Башмачков широко распахнул дверь и мрачно объявил:
– Принимайте очередного неудачника, коллеги.
Работники морга, давно привыкшие к подобным «пациентам», внезапно разом замолчали, словно сам дьявол явился к ним с очередным грешником, прервав неподобающее этому мрачному месту веселье.
Лина и Башмачков без лишних слов остановили каталку возле анатомического стола, на котором расположились аппетитные грузинские закуски, одноразовые стаканчики и мензурка с разбавленным спиртом.
На вошедших выжидательно уставились несколько пар глаз. Огромный мужчина с большим бокалом в руках, видимо, это был сам именинник Автандил Тимофеевич. Всем своим видом он выражал неудовольствие от того, что ему помешали отмечать день рождения в кругу коллег и друзей. Маленький щуплый доктор, видимо, ассистент и обладатель тенорка, тоже смотрел на вошедших волком и явно не разделял служебного рвения Лины и Башмачкова, так некстати ворвавшихся в их уютный мирок со своим внеплановым покойником. Третий, невзрачный мужичок с лицом профессионального пьяницы, молча пил из граненого стакана, опершись о край стола, и с интересом разглядывал лягушек на курточке Башмачкова. Видимо ему и принадлежал бархатный баритон, который они слышали за дверью. Лина подошла к нему чуть ближе, и ей в нос ударил резкий запах сивухи. Мужчина был явно не первой свежести и, как показалось Лине, с трудом держался на ногах. Лишь стол, о который он опирался, помогал ему не рухнуть на пол.
– Не обращайте внимания, это наш санитар, – махнул рукой Автандил Тимофеевич, – есть у него такая профессиональная слабость, что тут скажешь. Но когда Альберт Капустин трезв – цены ему нет.
– А вы, коллеги, из какого отделения? Что-то я вас не припоминаю.
Медсестра, одетая в обтягивающий медицинский костюм темно-синего цвета, уставилась на вошедших с подозрением. В этом костюме она выглядела необычайно сексуально, что показалось Лине немного странным, учитывая место проведения банкета. Что ж, хорошенькой ведьмочке в «преисподней» самое место…
– Мы стажеры из отделения острой сердечной недостаточности, – отрапортовала Лина, надвинув шапочку поглубже на лоб и стараясь говорить звонким молодым голосом. – Кстати, к вам такой Иннокентий Бармин из неотложной хирургии не поступал?
– До вашего прихода, молодые люди, смертность в клинике была нулевой. – проворчал Автандил Тимофеевич. – Вот мы и воспользовались перерывом в работе.
– Ну, мы это…. извиняемся за вторжение, – пискнула Лина в сгустившейся тишине. Значит, мы … в общем, мы двинули к себе, а то начальство будет ругаться, что надолго исчезли из отделения.

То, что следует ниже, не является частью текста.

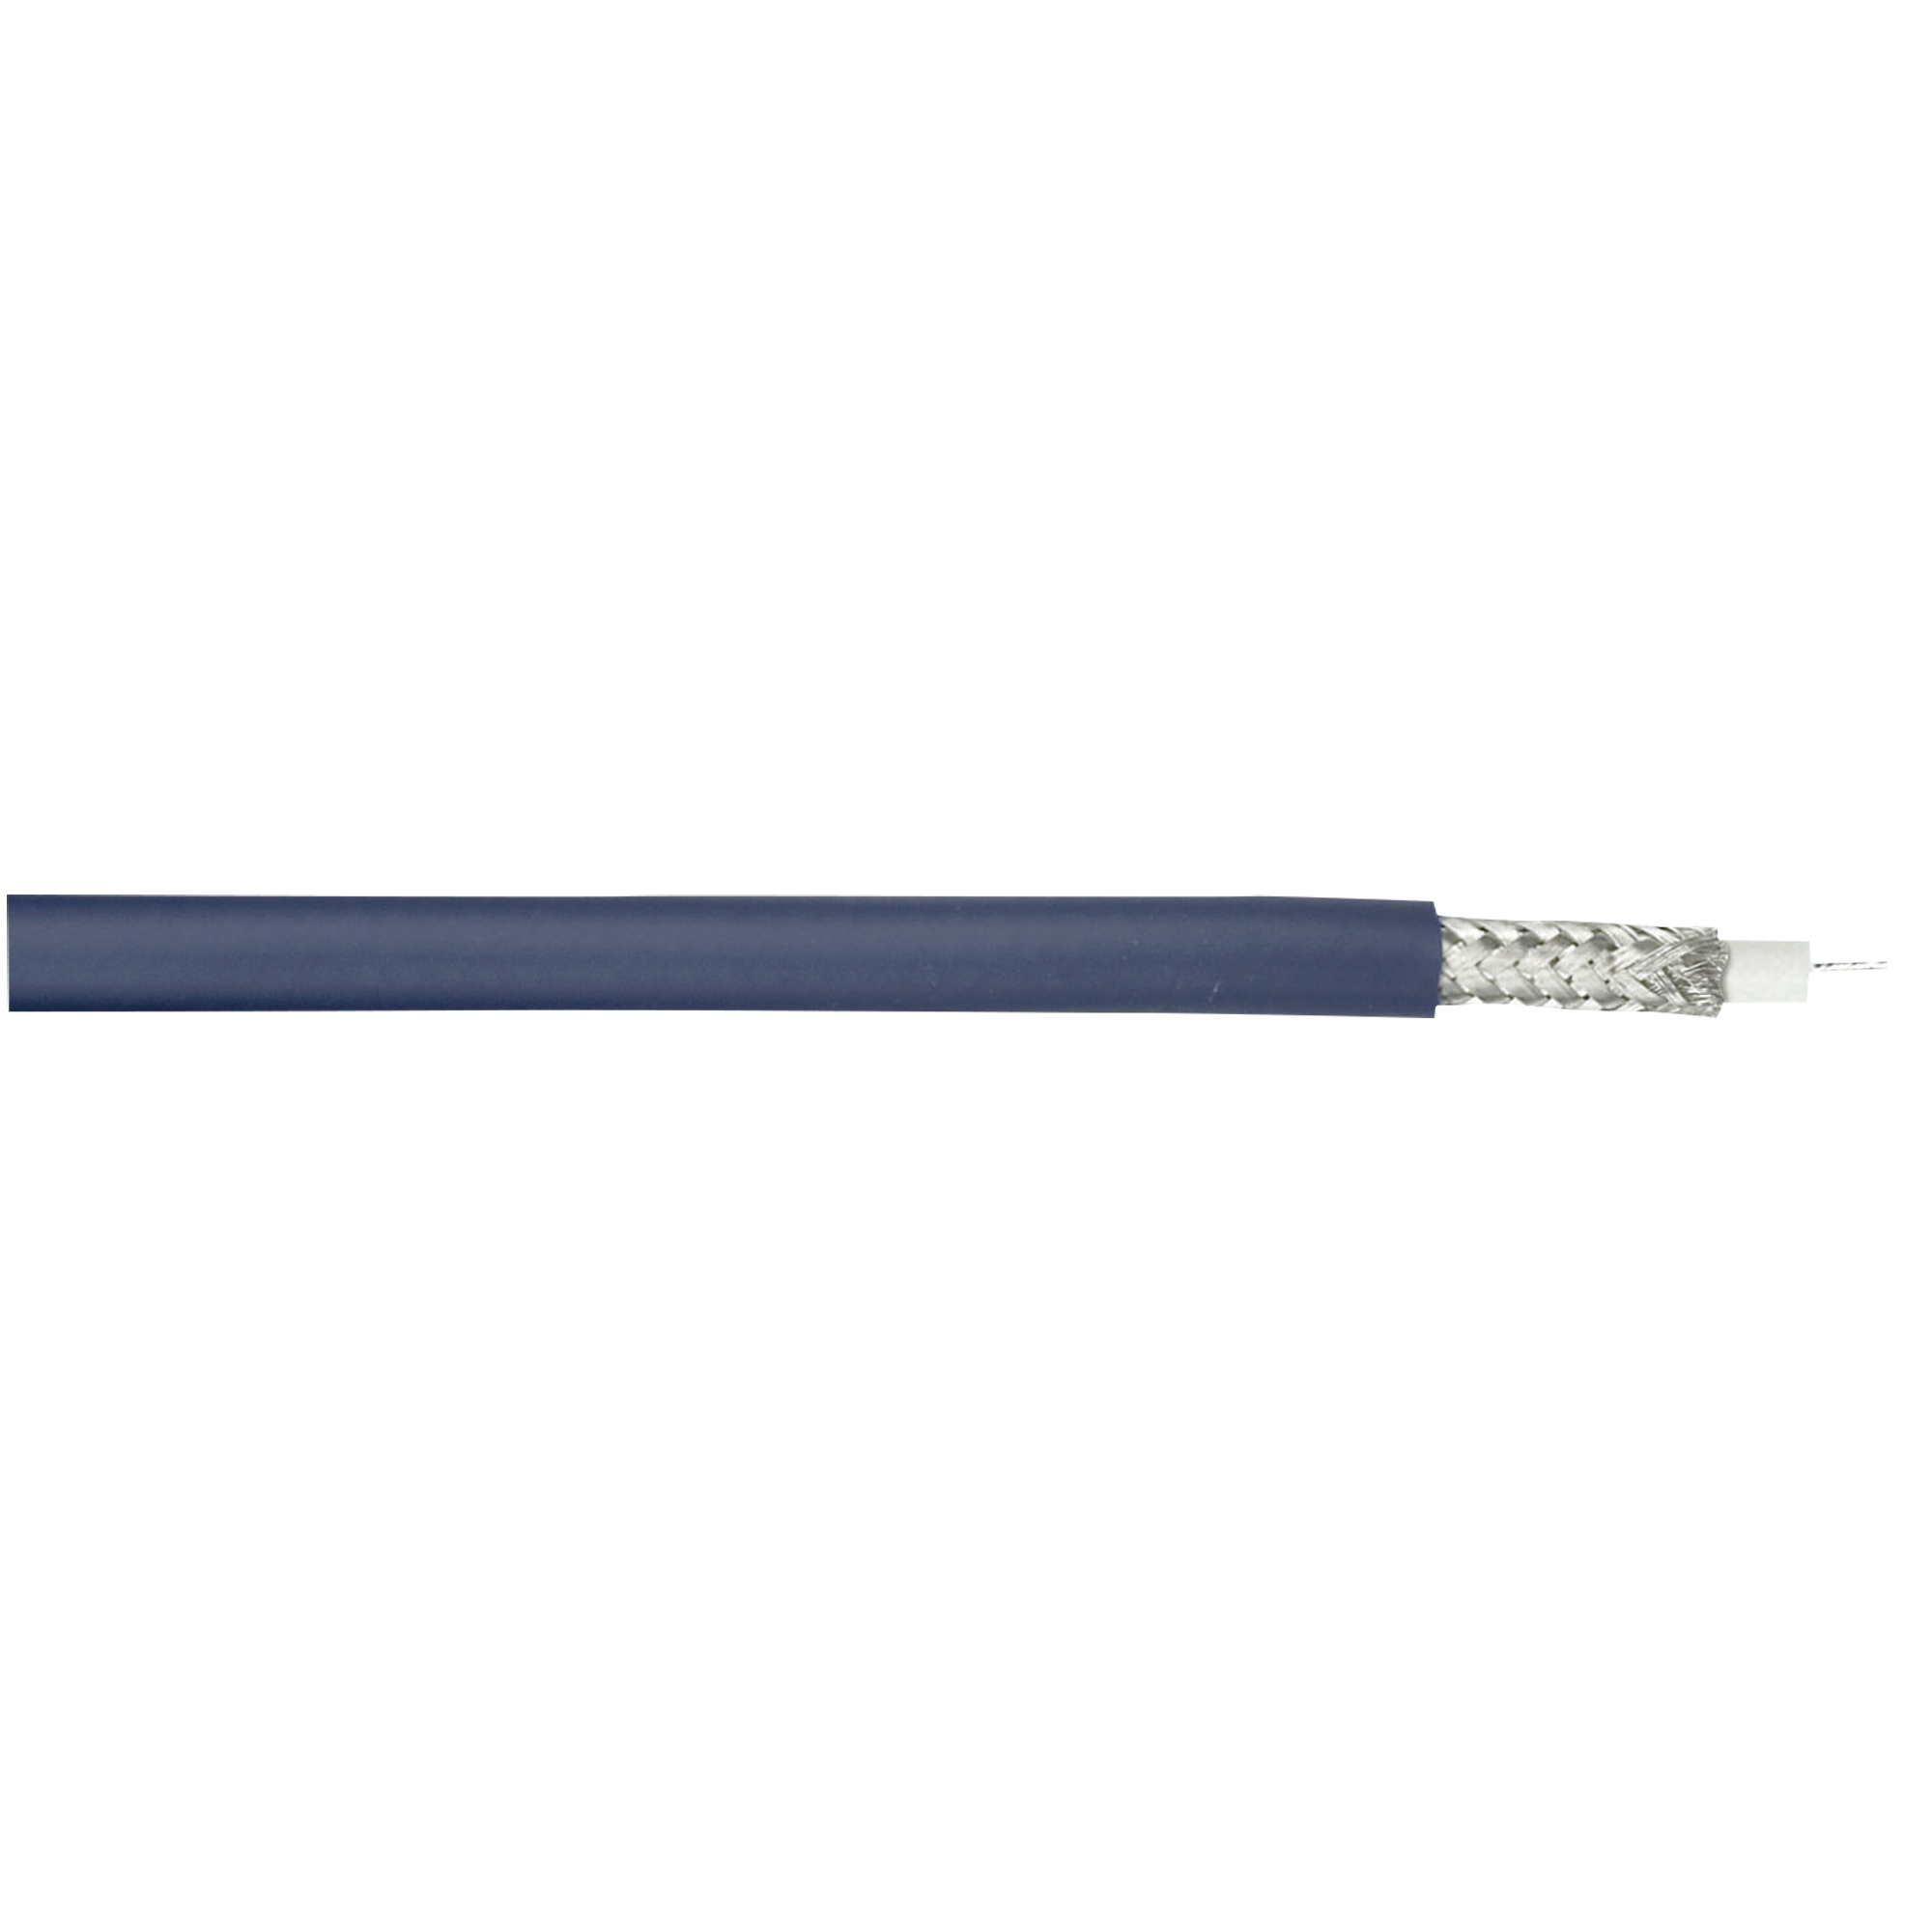 DAP AV-150 Äußerst flexibles, doppelt geschirmtes Video-Kabel, HD-Ready (RG-59), 100-m-Rolle

– Стоять! – тихо приказал Автандил Тимофеевич.
Лина похолодела. «Это провал, – подумал Штирлиц», – подумала она и сжала руку Башмачкова, которая была горячей и слегка вспотевшей.
– А выпить за мое здоровье? – ласково проворковал именинник и поднес Башмачкову полный стакан.

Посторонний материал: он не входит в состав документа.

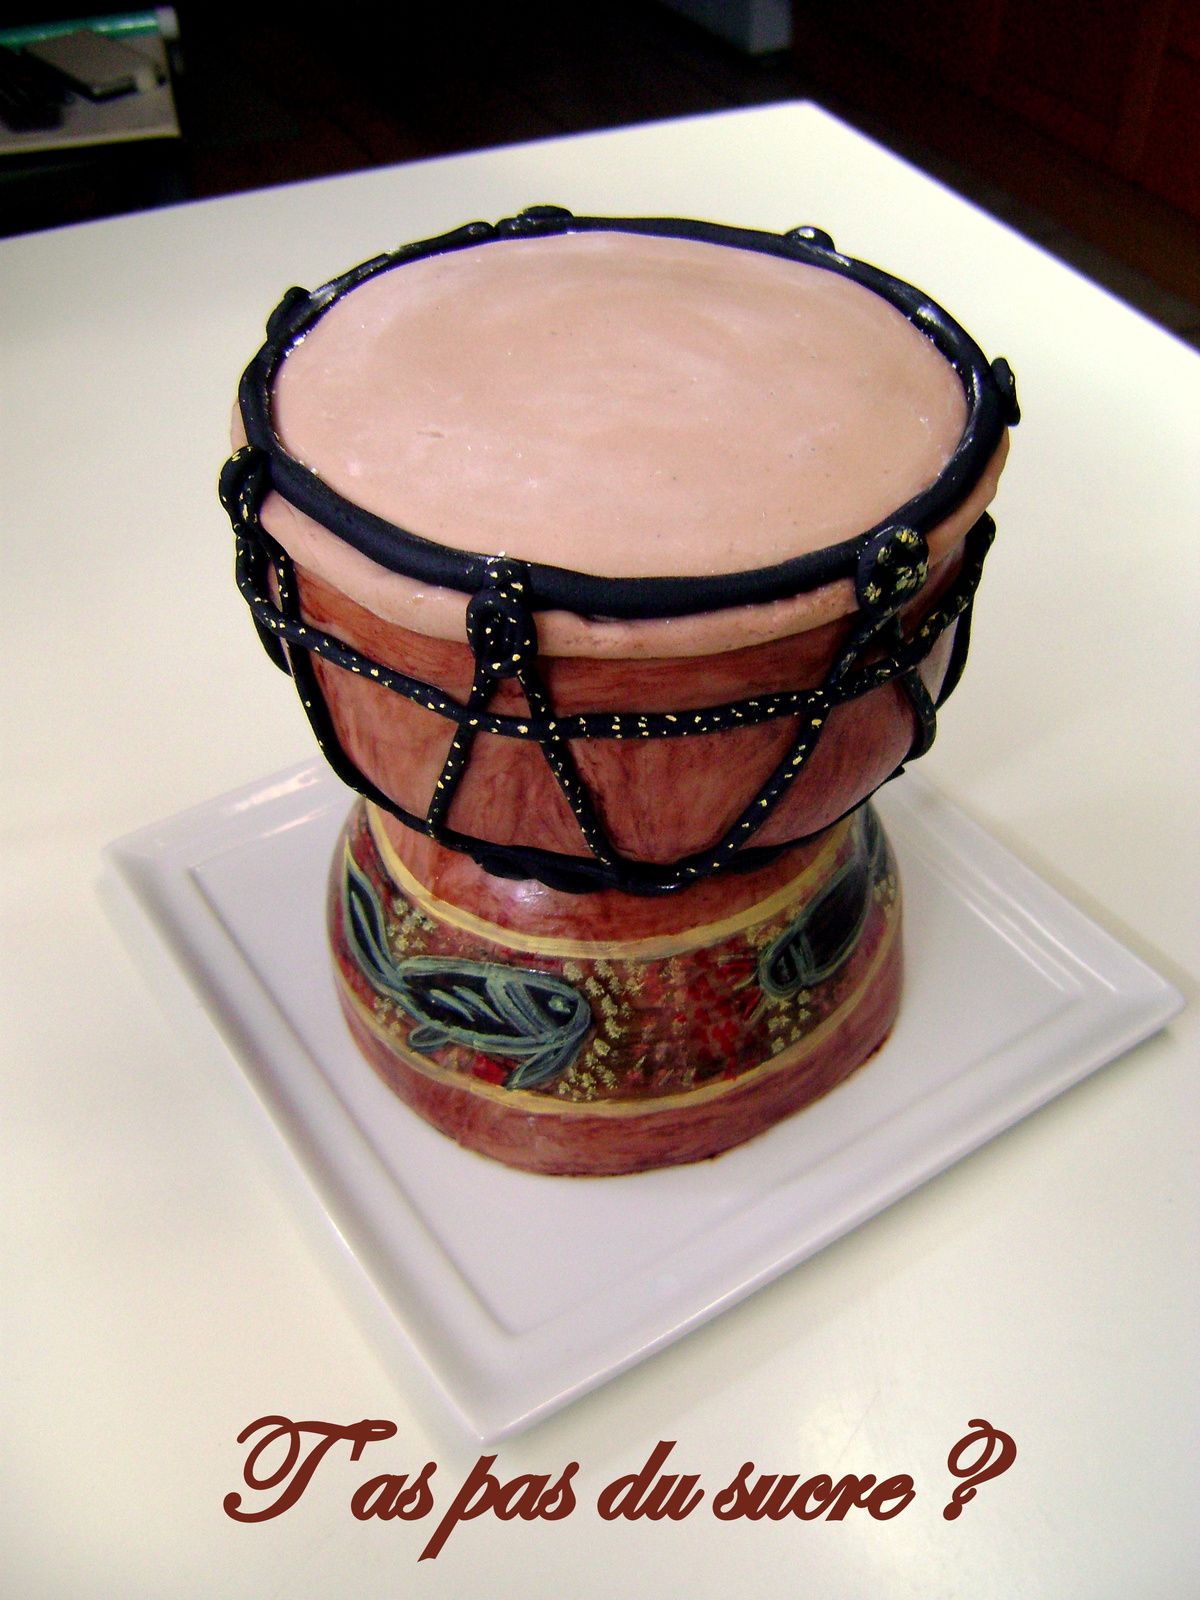 Gâteau Tam-tam (djembé) - taspasdusucre.overblog.com

– Я за рулем! – успела пискнуть Лина, вспомнив про строгий наказ врачей не употреблять спиртного как минимум полгода.
– Хорррошо же нынче живут стажерррры! – прорычал санитар и опорожнил стакан. – Ну, за будущих докторов! – провозгласил он тост, затем, остановив помутневший взгляд на имениннике, опомнился и добавил: – И за наставника и грозу всех докторов клиники, – за Автандила Тимофеевича, чей диагноз всегда окончательный!

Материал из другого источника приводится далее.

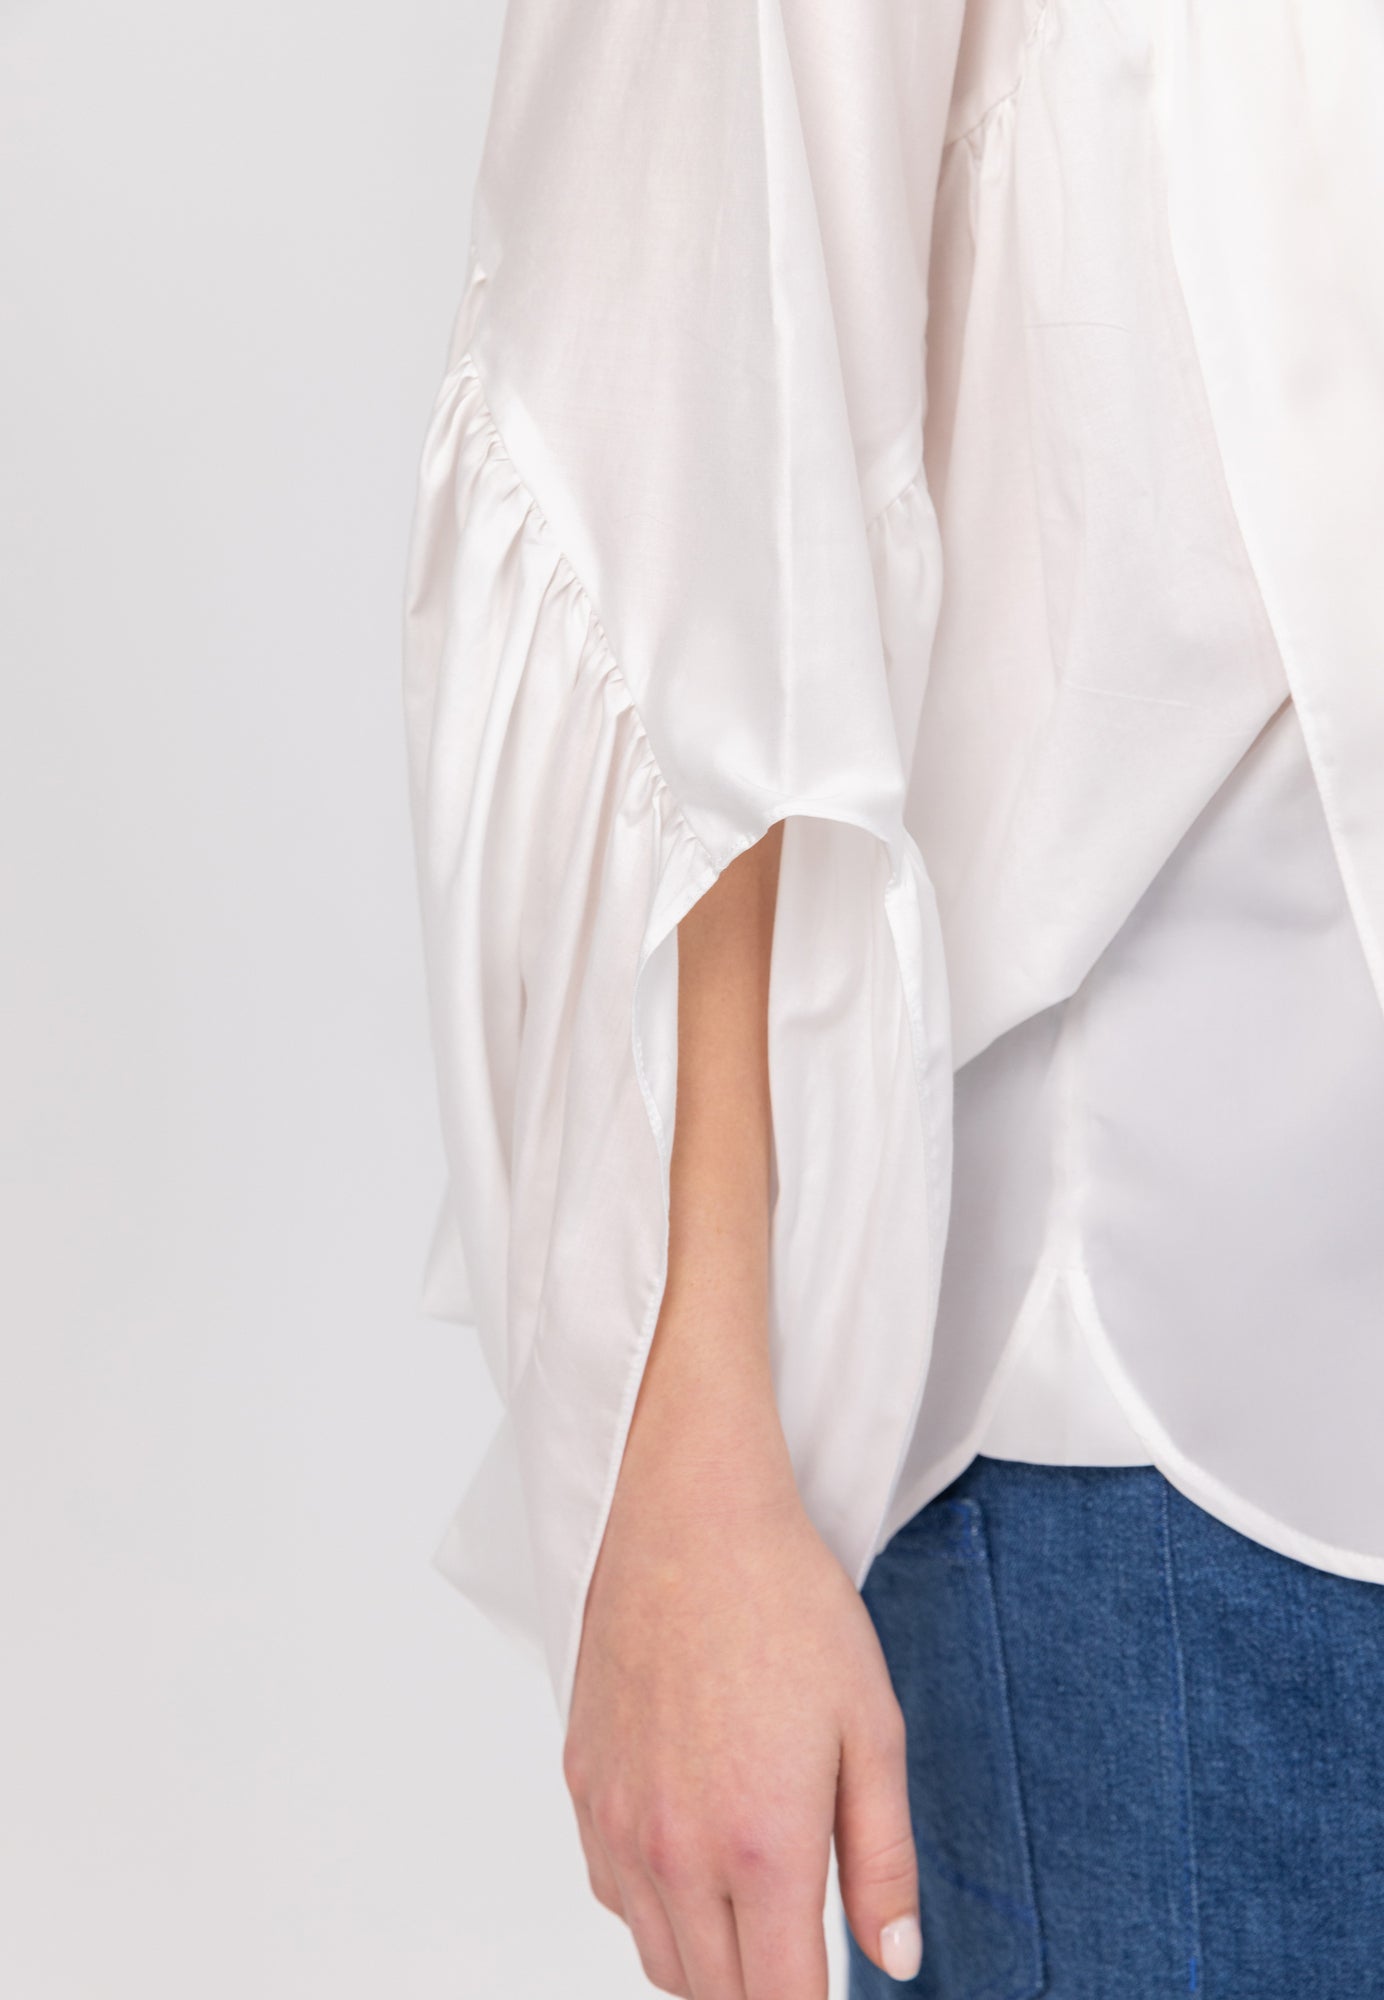 Bluse aus 100% feiner Baumwolle, Rundhalsausschnitt und breiten horizontal verlaufenden Volants im Vorder- und Rückteil sowie an den Ärmeln ausgestattet

Башмачков с кряканьем опрокинул в себя непривычно крепкий напиток, и по его заблестевшим глазам стало понятно, что он не прочь повторить этот скромный подвиг.
Лина выразительно взглянула на приятеля, который ради глотка халявной водки готов был поставить всю операцию на грань провала, и подтолкнула его к выходу. Еще не хватало, чтобы этот безвольный пьяница сорвал тщательно подготовленную операцию!
Когда Лина и Башмачков выскочили из лифта, за поворотом они наткнулись на паренька в белом халате, по-видимому, студента. Юноша растерянно озирался вокруг. Когда Лина подошла ближе, она поняла, что молодой человек пребывает в полнейшем недоумении. Парень, не веря своим глазам, взирал на то место, где еще недавно стояла каталка с покойником.
– Вы не видели тут… ээээ, ну, это…. – промямлил студент, не решаясь признать, что прошляпил покойника.
– Мы только что из другого крыла, с международного семинара, – соврала Лина, глазом не моргнув. – а что тут было?
– Да так, ничего…, – задумчиво пробормотал паренек и стремительно нырнул в лифт.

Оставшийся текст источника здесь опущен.